PM Modi to visit Varanasi today, launch several development projects


Prime Minister Narendra Modi

Prime Minister Narendra Modi
| Photo Credit:
ANI

Prime Minister Narendra Modi will visit his parliamentary constituency Varanasi on Saturday, and launch and lay the foundation for several development projects worth around ₹2,200 crore.

“For my family members in Kashi, tomorrow, August 2, is a very special day. Around 11 in the morning, I will inaugurate and lay the foundation stone for several projects related to education, health, sports, tourism, and connectivity. On this occasion, I will also have the privilege of releasing the 20th installment of PM-KISAN,” Modi posted on X on Friday.

Security arrangements have been tightened in Varanasi in view of VVIP movement in the city, with a multi-layered deployment of personnel along the routes to be taken by the prime minister, officials said.

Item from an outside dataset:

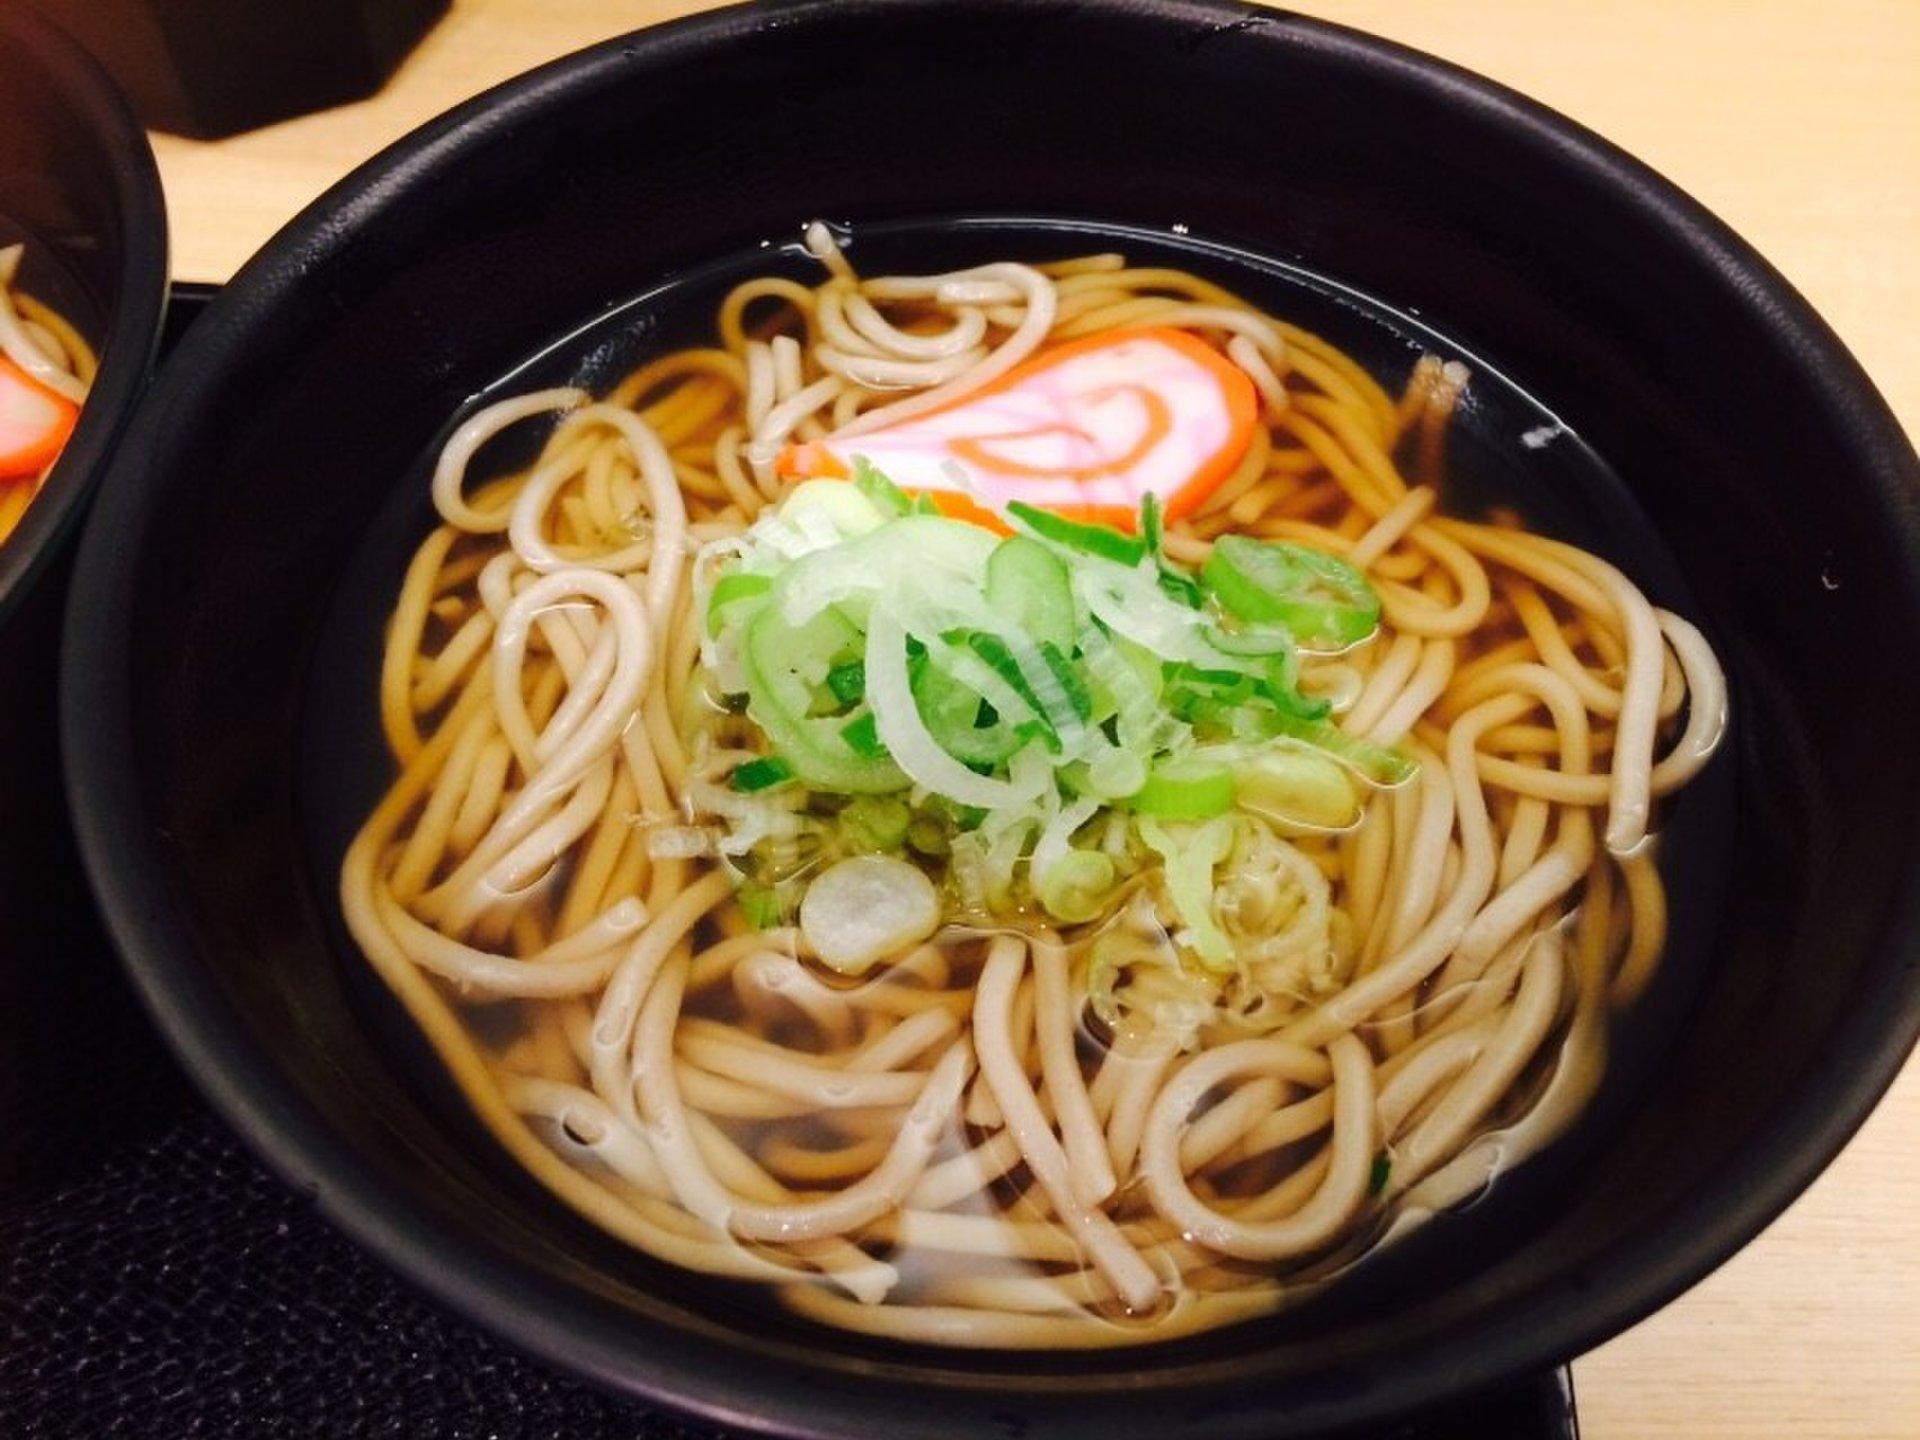 金沢駅でおすすめ蕎麦屋「白山そば」昔からの人気立ち食いそば屋♡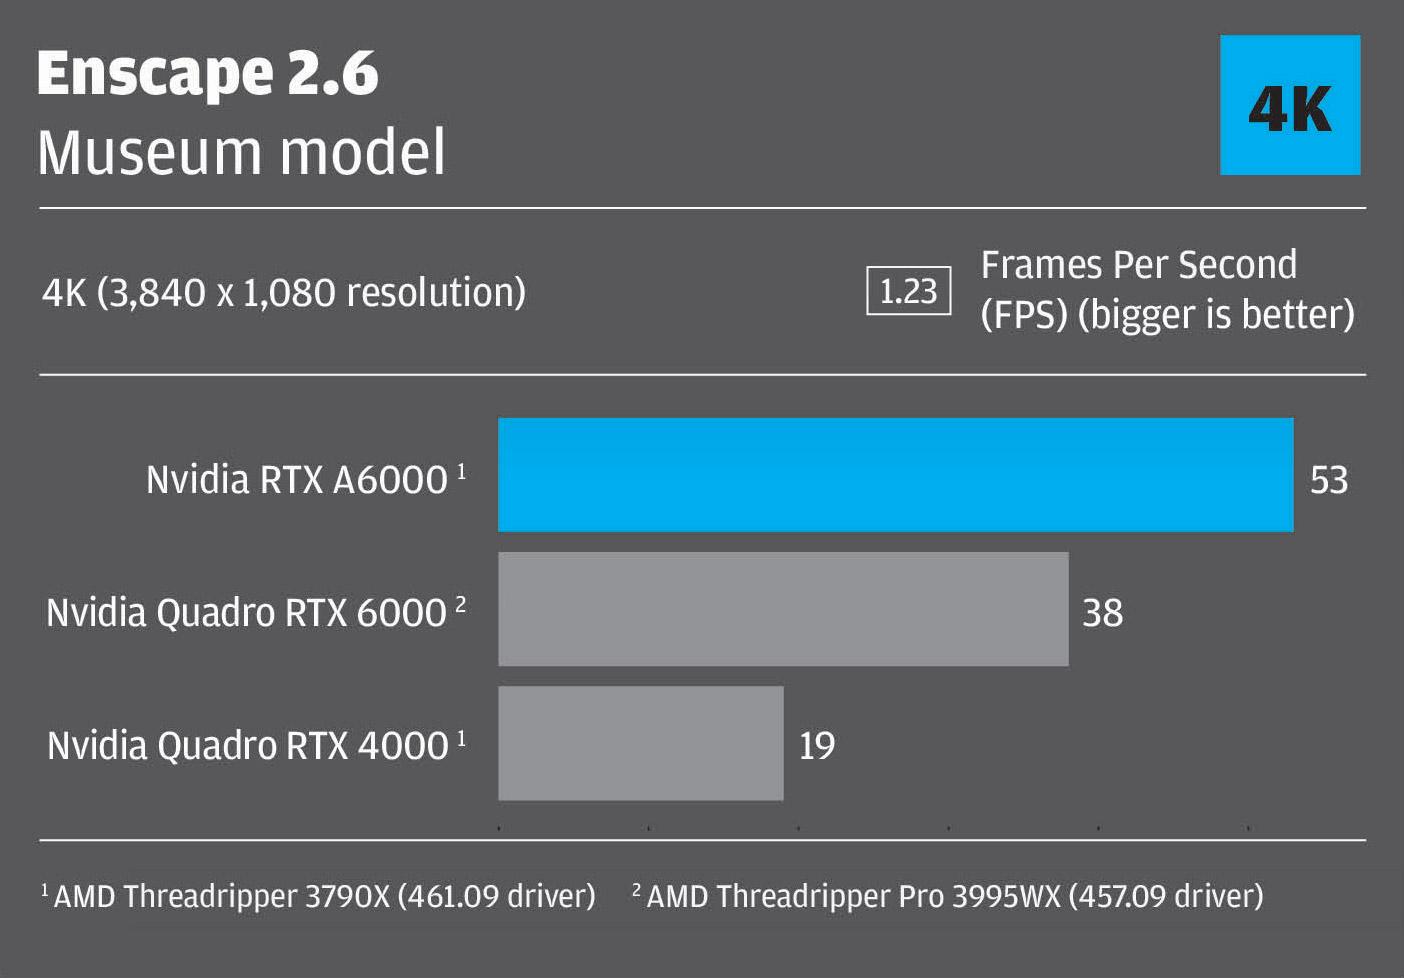 Enscape RTX A6000

According to an official statement, Modi will lay the foundation and inaugurate multiple development projects worth around ₹2,200 crore.

The projects cater to multiple sectors — infrastructure, education, healthcare, tourism, urban development, and cultural heritage, among others.

The prime minister will lay the foundation for various works under the Smart Distribution Project and undergrounding of electrical infrastructure in his home constituency.

Modi is also scheduled to address a public meeting at Banauli (Kalika Dham) village in the Sevapuri Assembly segment.